Will they continue this pattern for the next election cycle?  Some believe they won’t stop until they are stopped.  So who can stop them?  Beacon Hill leaders certainly can.  The same special interests have countless legislative, regulatory and contractual priorities, which could be put at risk if our elected officials, for the good of the Commonwealth, sent the message to these groups that they are simply being too greedy and in turn are putting our economy and small businesses at risk.

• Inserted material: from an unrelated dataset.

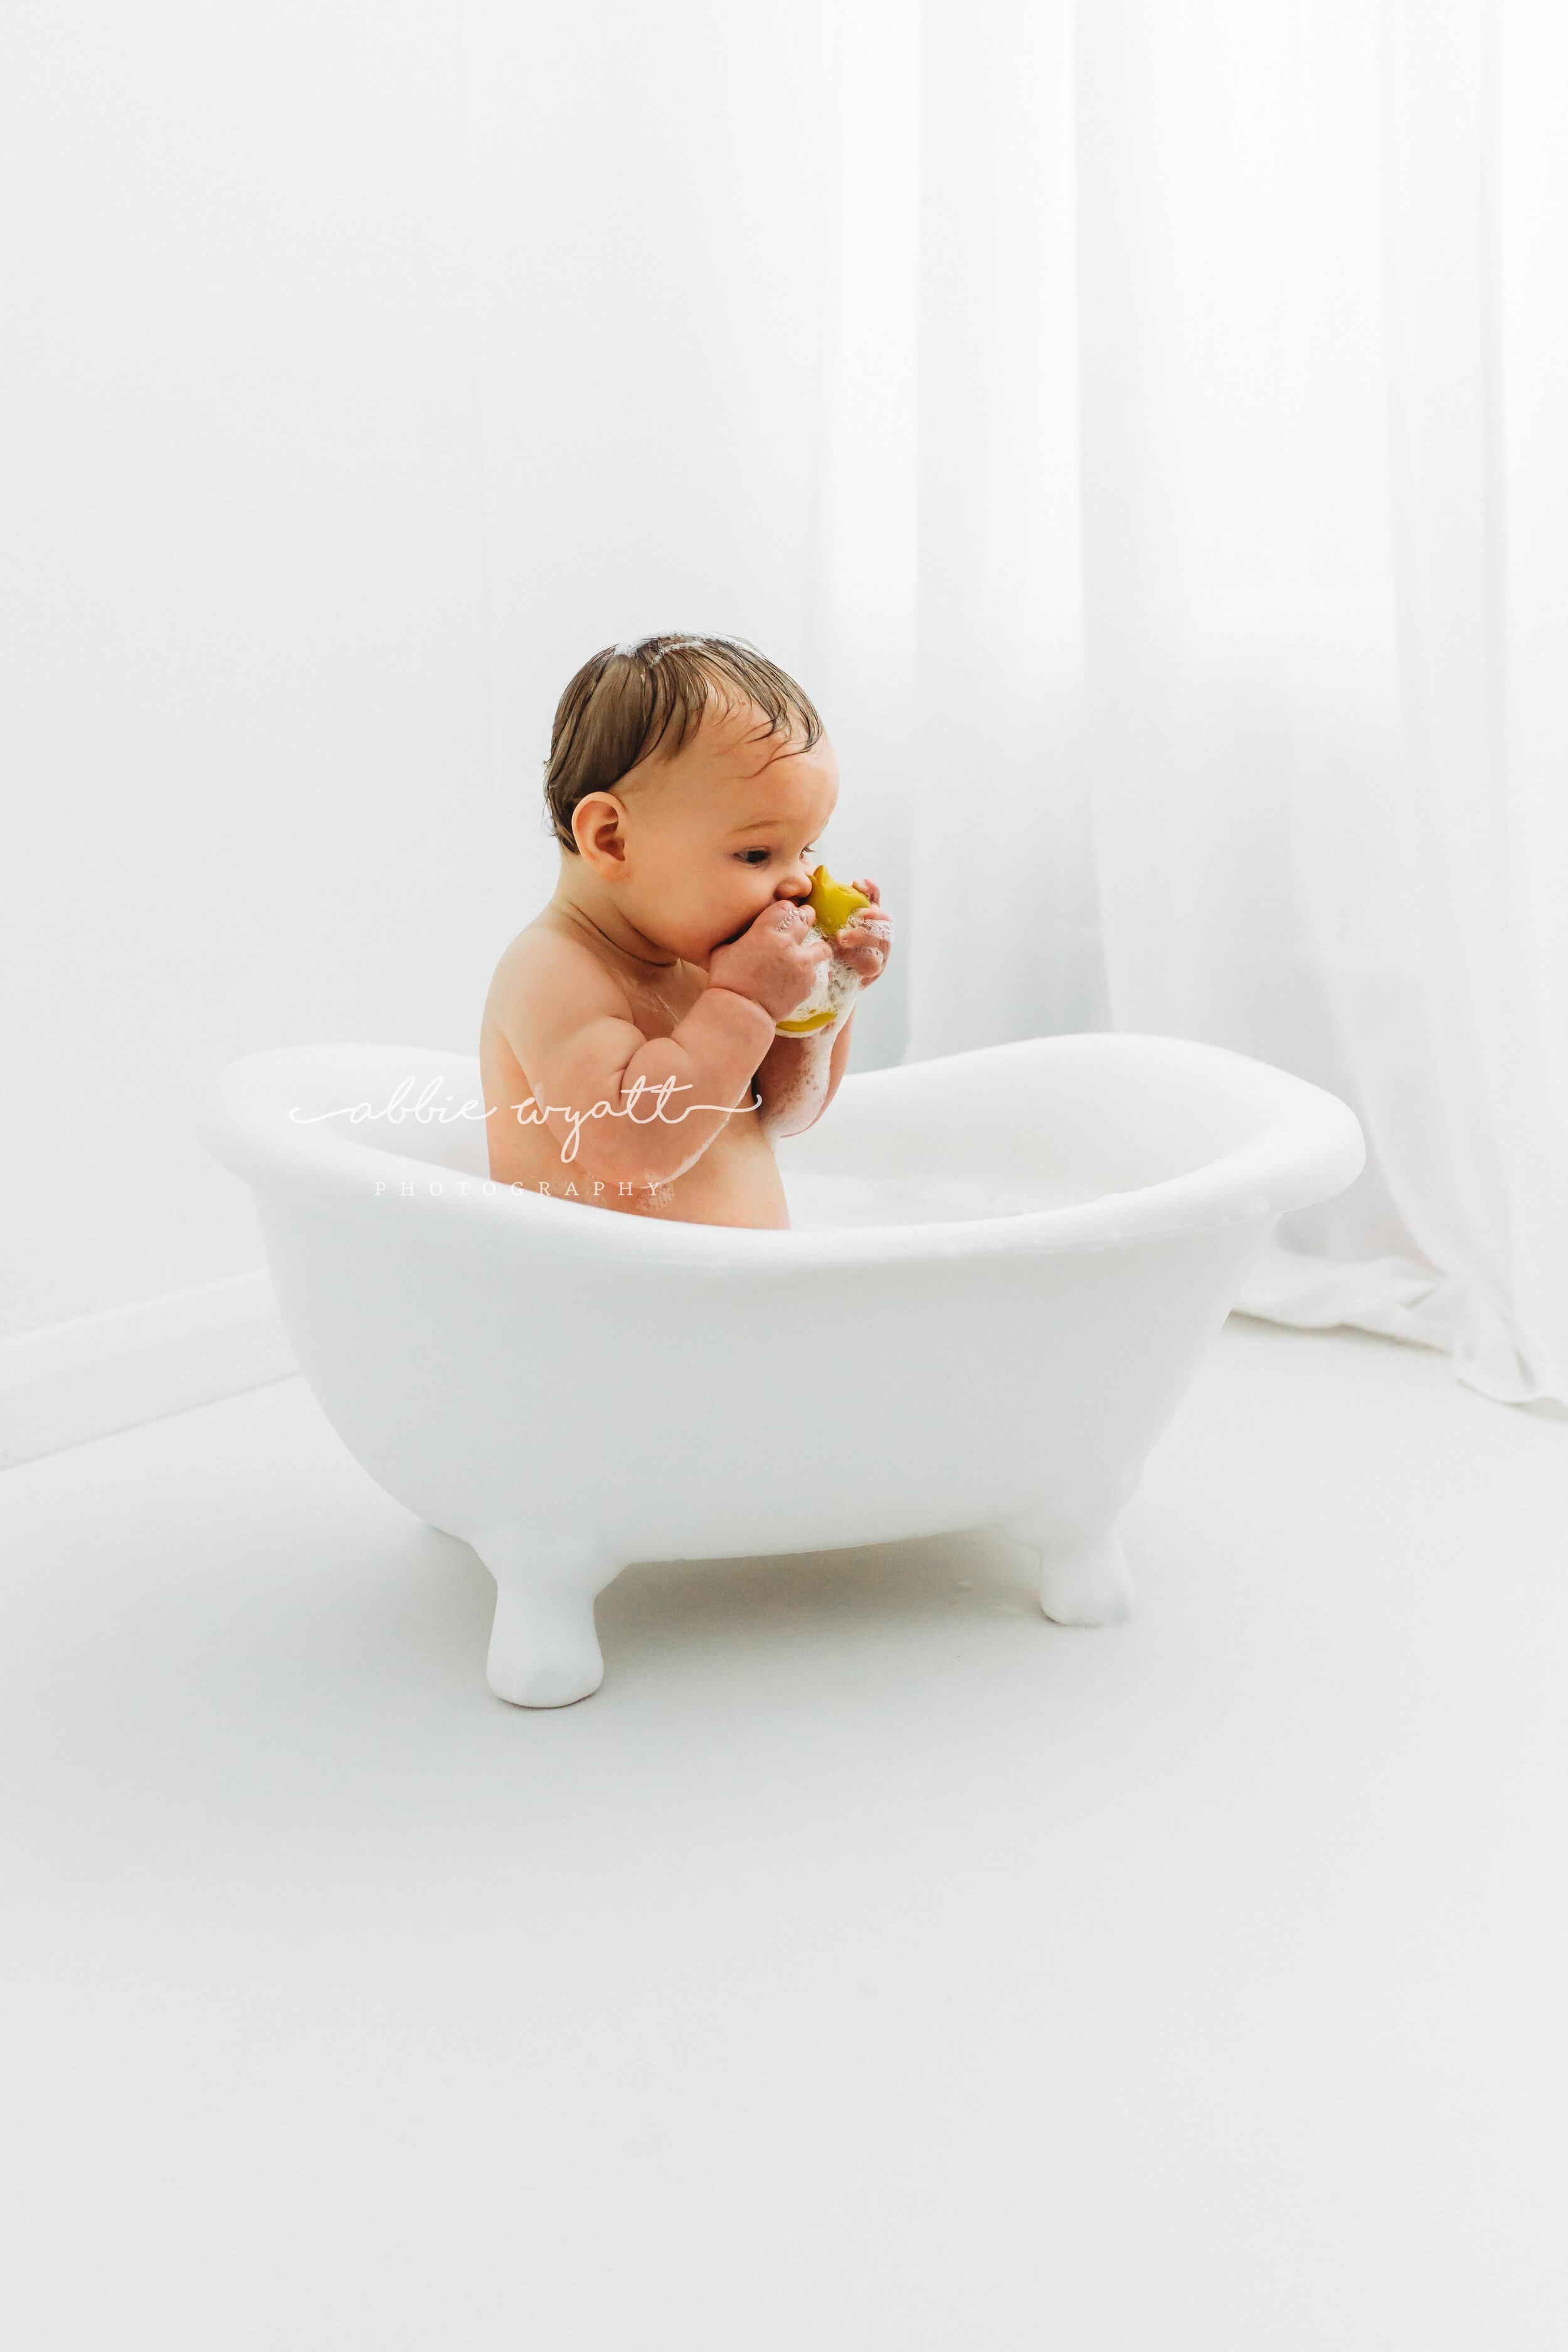 Abbie Wyatt Photography - Newborn, Baby & Cake Smash Photographer - Hemel Hempstead 12.jpg

Short of that level of leadership from Beacon Hill, it falls to the collective business community to draw a line in the sand and agree to fight the costly agendas.  It can come in the form of adequately funding and opposing the ballot measures—which can easily cost up to $10 million per measure.  Or they can also do what RAM did with the sales tax reduction, and file a measure which those special interests on the left end of the political spectrum won’t like.  Most likely the ballot measures designed to benefit taxpayers, either in the level of taxation, or in the manner of the expenditures of their tax dollars. 

The RAM sales tax cut ballot initiative clearly showed that the existence of employer sponsored measures can help create a more level playing field for bargaining, and an incentive for competing special interests and Beacon Hill leadership to negotiate more affordable and moderate public policy.  The entire business community must be more willing in the future to engage, invest, and lead to ensure common sense prevails, and that the Commonwealth remains attractive to employers of all types and sizes.